**THE PROBLEM**
In the entries below, find the line with "8. The place where" and the line with "Complete your workspace", then retype both and everything between them exactly. Do not copy the pictures.

**EXERCISE MATERIALS**
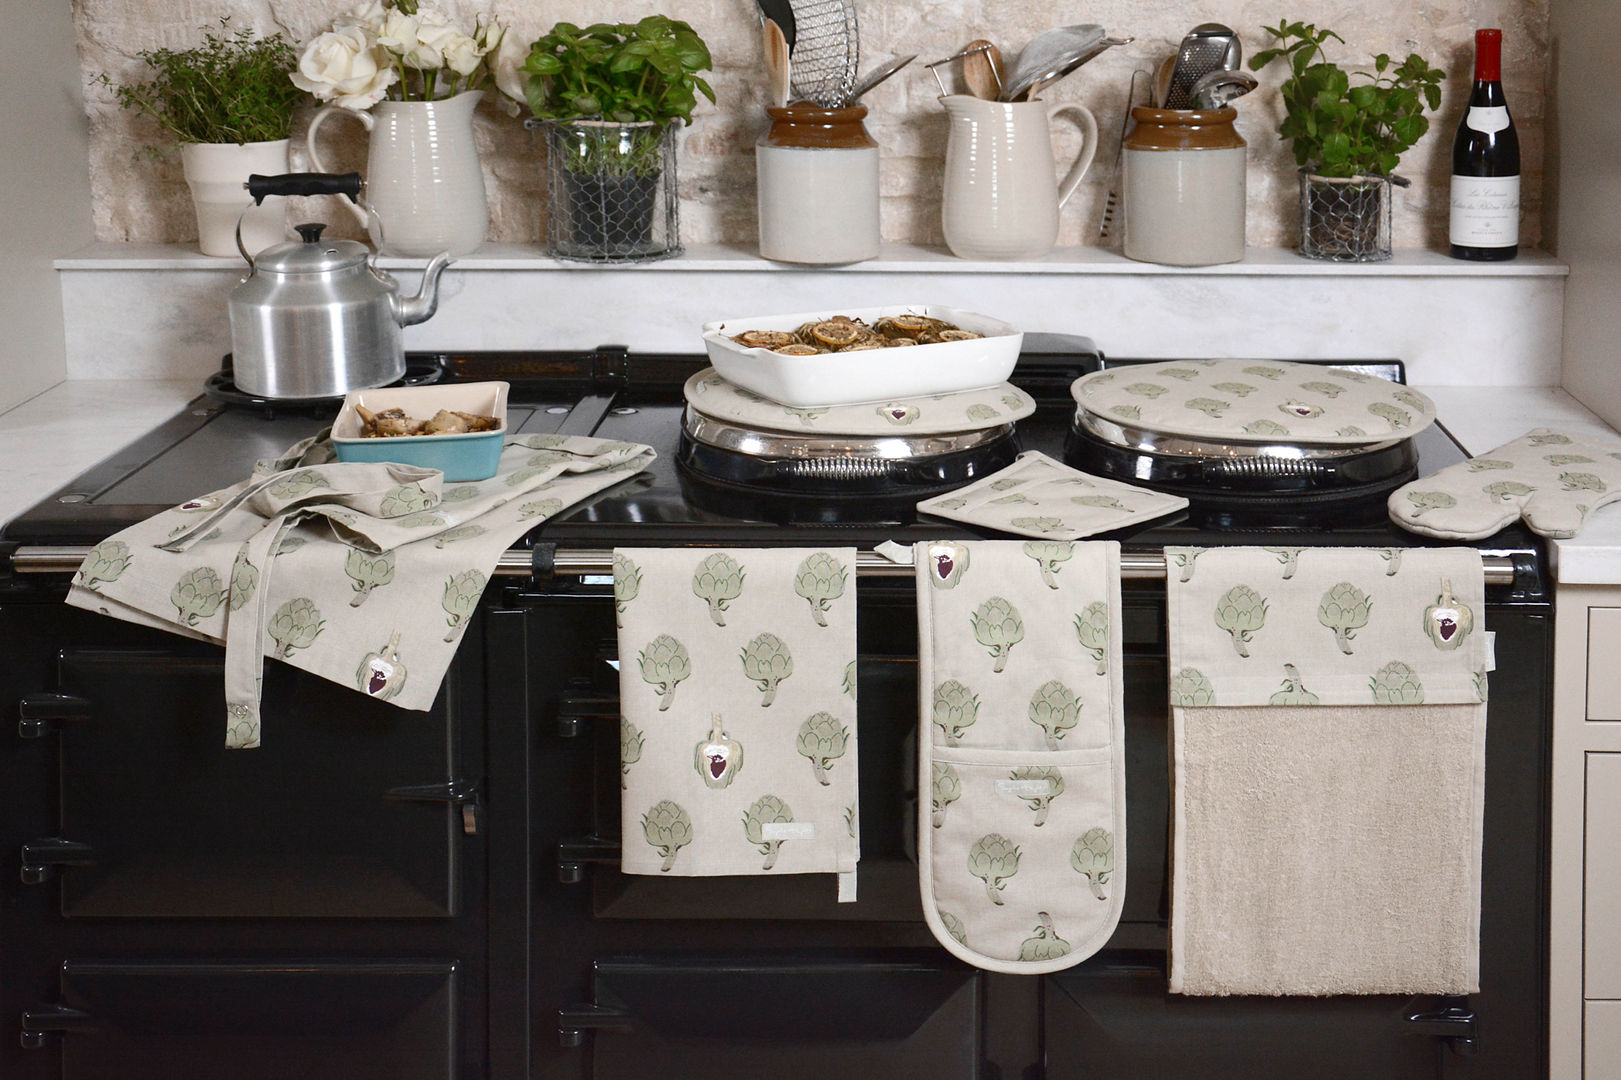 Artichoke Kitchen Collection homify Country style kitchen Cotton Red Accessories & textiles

* * *

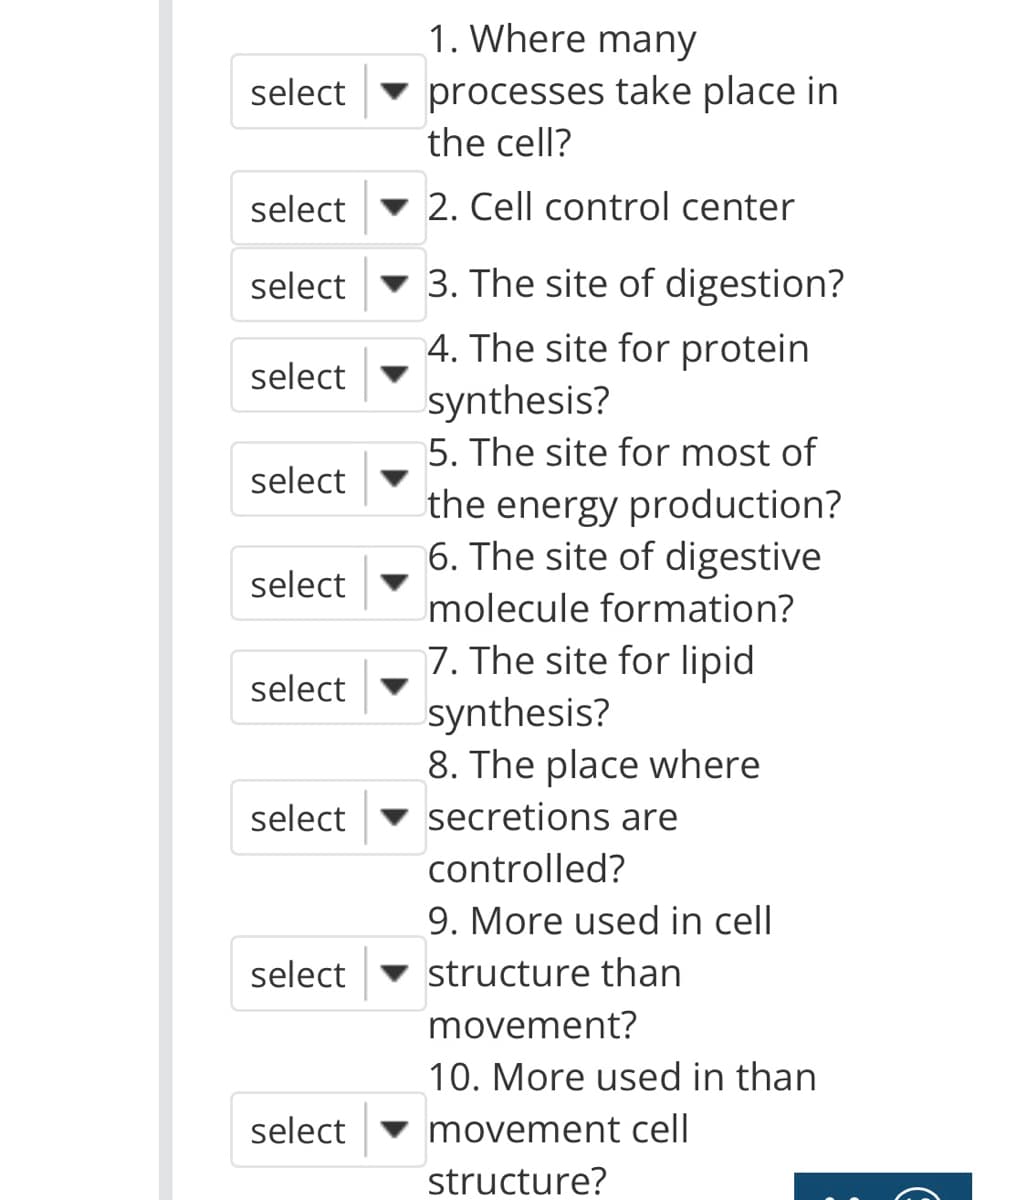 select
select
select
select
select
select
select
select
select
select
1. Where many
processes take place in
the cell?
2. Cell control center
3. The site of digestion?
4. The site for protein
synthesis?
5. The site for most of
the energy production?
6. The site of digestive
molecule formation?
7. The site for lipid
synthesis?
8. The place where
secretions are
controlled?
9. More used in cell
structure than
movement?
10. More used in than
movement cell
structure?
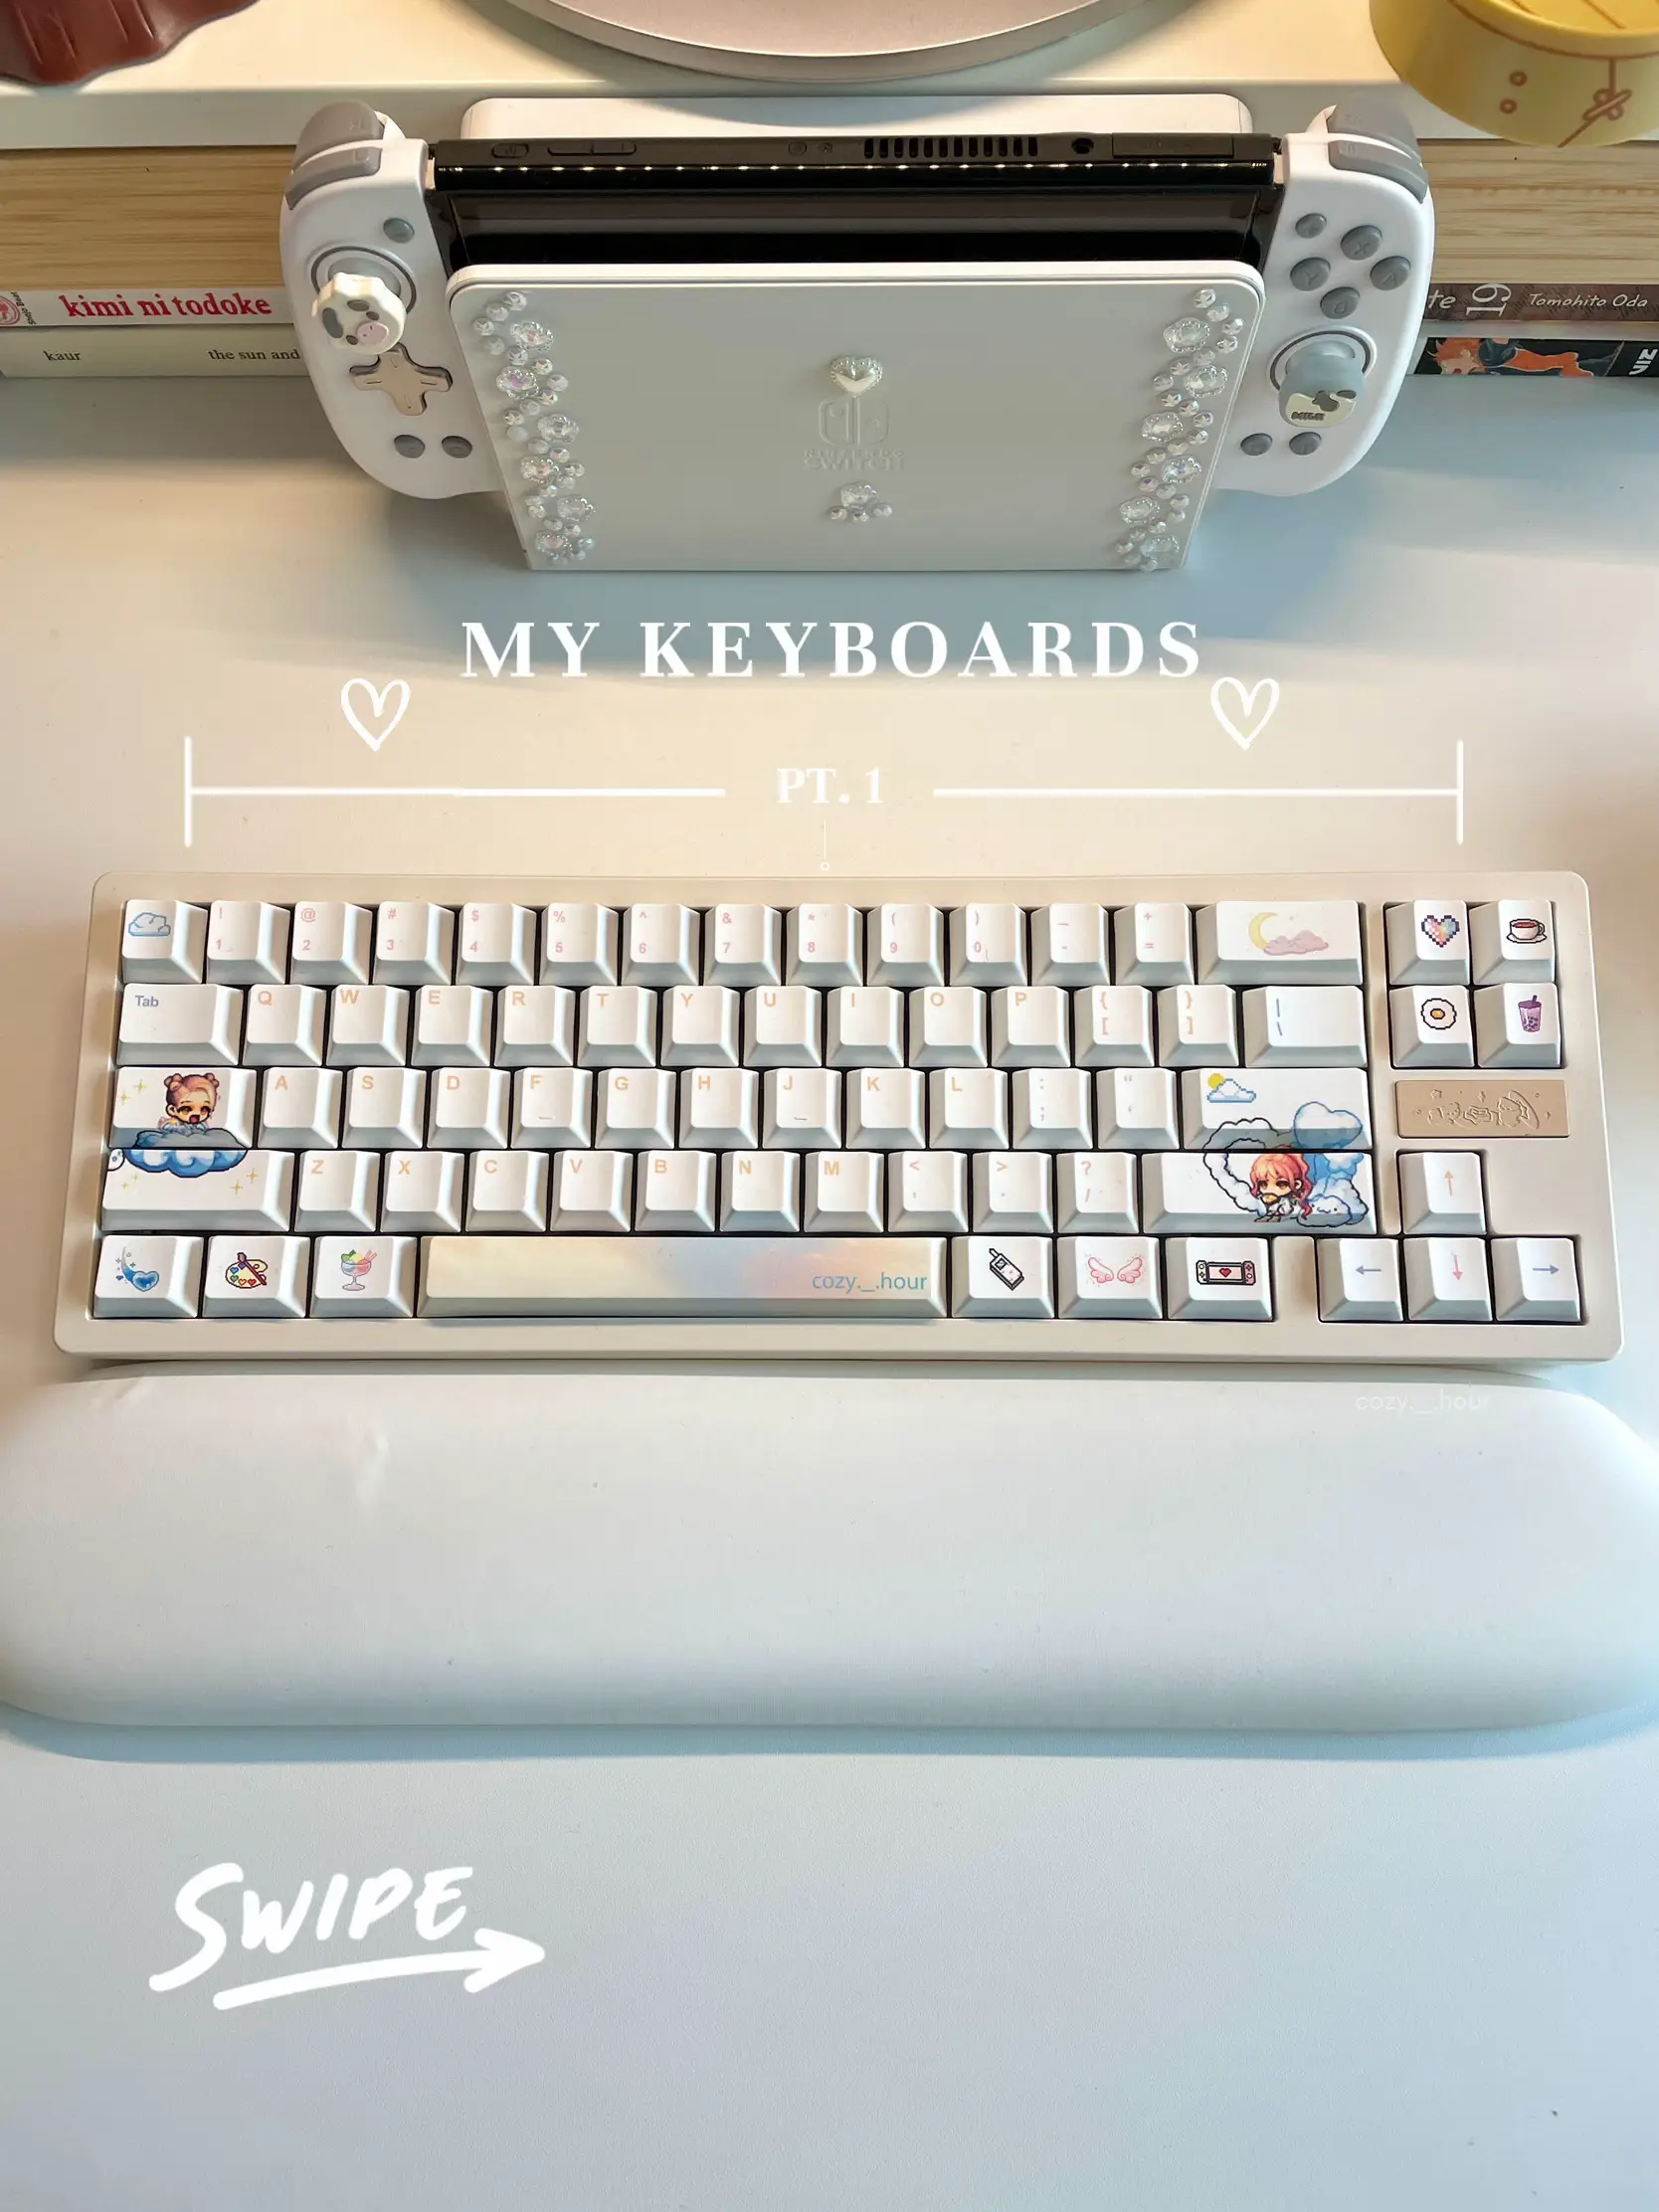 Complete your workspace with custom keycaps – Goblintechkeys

**SOLUTION TO THE PROBLEM**
8. The place where
secretions are
controlled?
9. More used in cell
structure than
movement?
10. More used in than
movement cell
structure?
 Complete your workspace with custom keycaps – Goblintechkeys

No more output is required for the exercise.